The White House forecasts that public debt will exceed $45 trillion by 2034 and that annual trillion-dollar deficits will become the new normal. The budget shows that debt held by the public will equal the economy’s entire output as of fiscal year 2025.
David Rosenberg, the founder and president of Rosenberg Research & Associates, suggests that the recent movement in the global bond market is hinting to policymakers that “we have hit a breaking point” on the debt front.
“The bond market seems to be sending a message to fiscal policymakers both in the U.S. and abroad that we have hit a breaking point with global public sector debt rapidly approaching the $100 trillion mark,” Rosenberg stated in a post on social media platform X.
Despite the Federal Reserve cutting interest rates and signaling more cuts over the next two years, U.S. Treasury yields have rallied since the end of September.
The benchmark 10-year Treasury yield reached 4.17 percent during the Oct. 21 trading session, up by more than 50 basis points since the central bank followed through on a half-point rate cut, the first since the onset of the pandemic.
In 2023, Fitch Ratings and Moody’s downgraded the U.S. credit-rating outlook, citing large fiscal deficits and a drop in debt affordability.
“The rating downgrade of the United States reflects the expected fiscal deterioration over the next three years, a high and growing general government debt burden, and the erosion of governance relative to ‘AA’ and ‘AAA’ rated peers over the last two decades that has manifested in repeated debt limit standoffs and last-minute resolutions,” Fitch analysts stated in August 2023.
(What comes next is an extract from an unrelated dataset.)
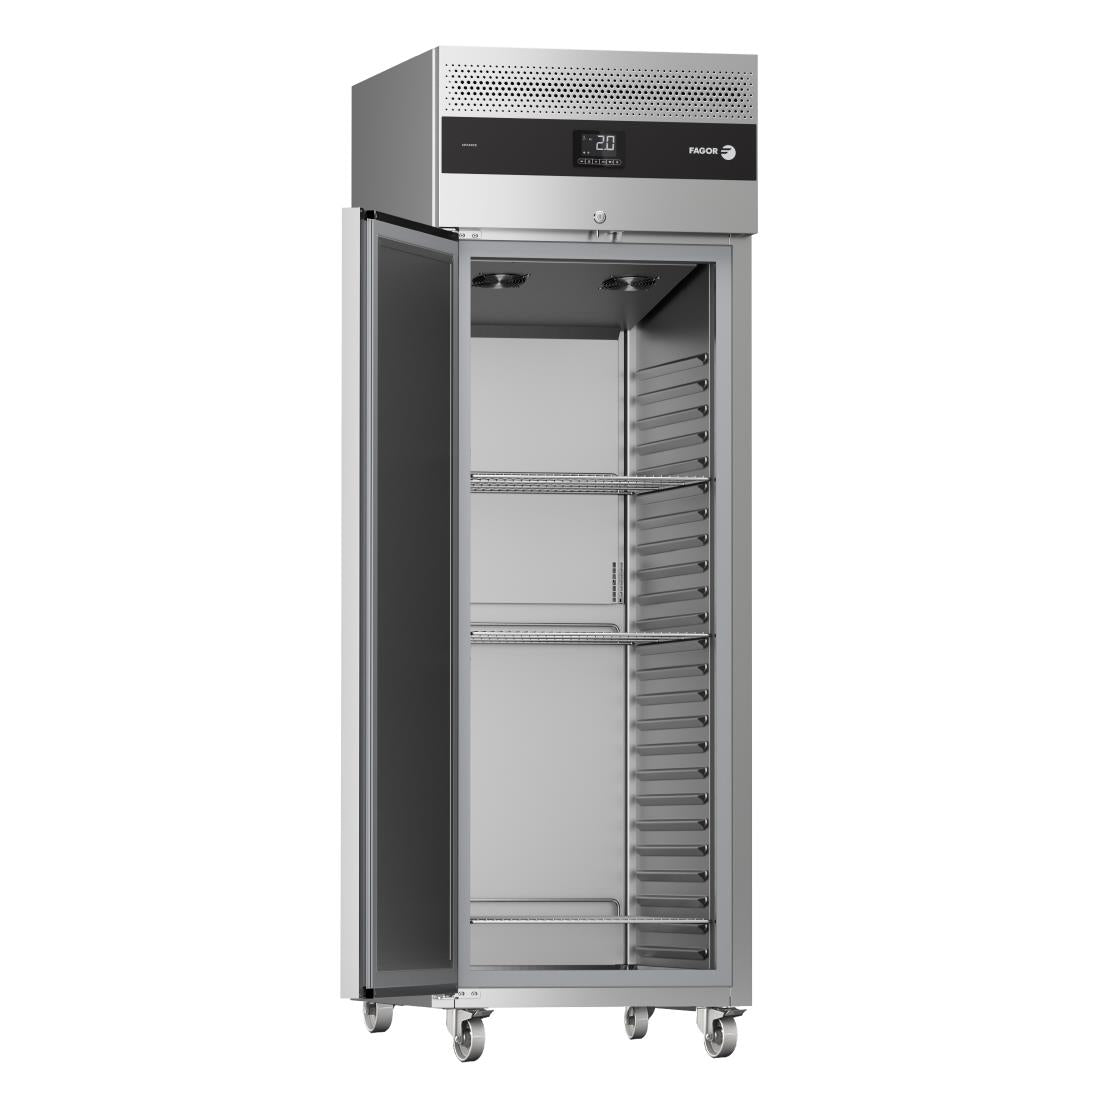 FU001 Fagor Advance Gastronorm Upright Cabinet Fridge 1 Door AUP-11G JD Catering Equipment Solutions Ltd

Neither U.S. presidential candidate has made the national debt a central element of their 2024 campaigns.
Polling data suggest, however, that voters are paying attention to the debt and deficit.
A recent Peter G. Peterson Foundation poll found that nine out of 10 voters across the seven swing states wanted candidates to have a plan to address the national debt. This included 97 percent of Trump voters, 95 percent of Harris voters, and 95 percent of undecided voters.
“The national debt is a critical campaign issue for voters in the decisive swing states,” Michael A. Peterson, the organization’s CEO, said in a statement. “Not only do these key voters overwhelmingly want to hear candidates put forward a plan, they connect America’s fiscal outlook to key economic priorities including reducing inflation, lowering interest rates, and protecting programs like Medicare and Social Security.”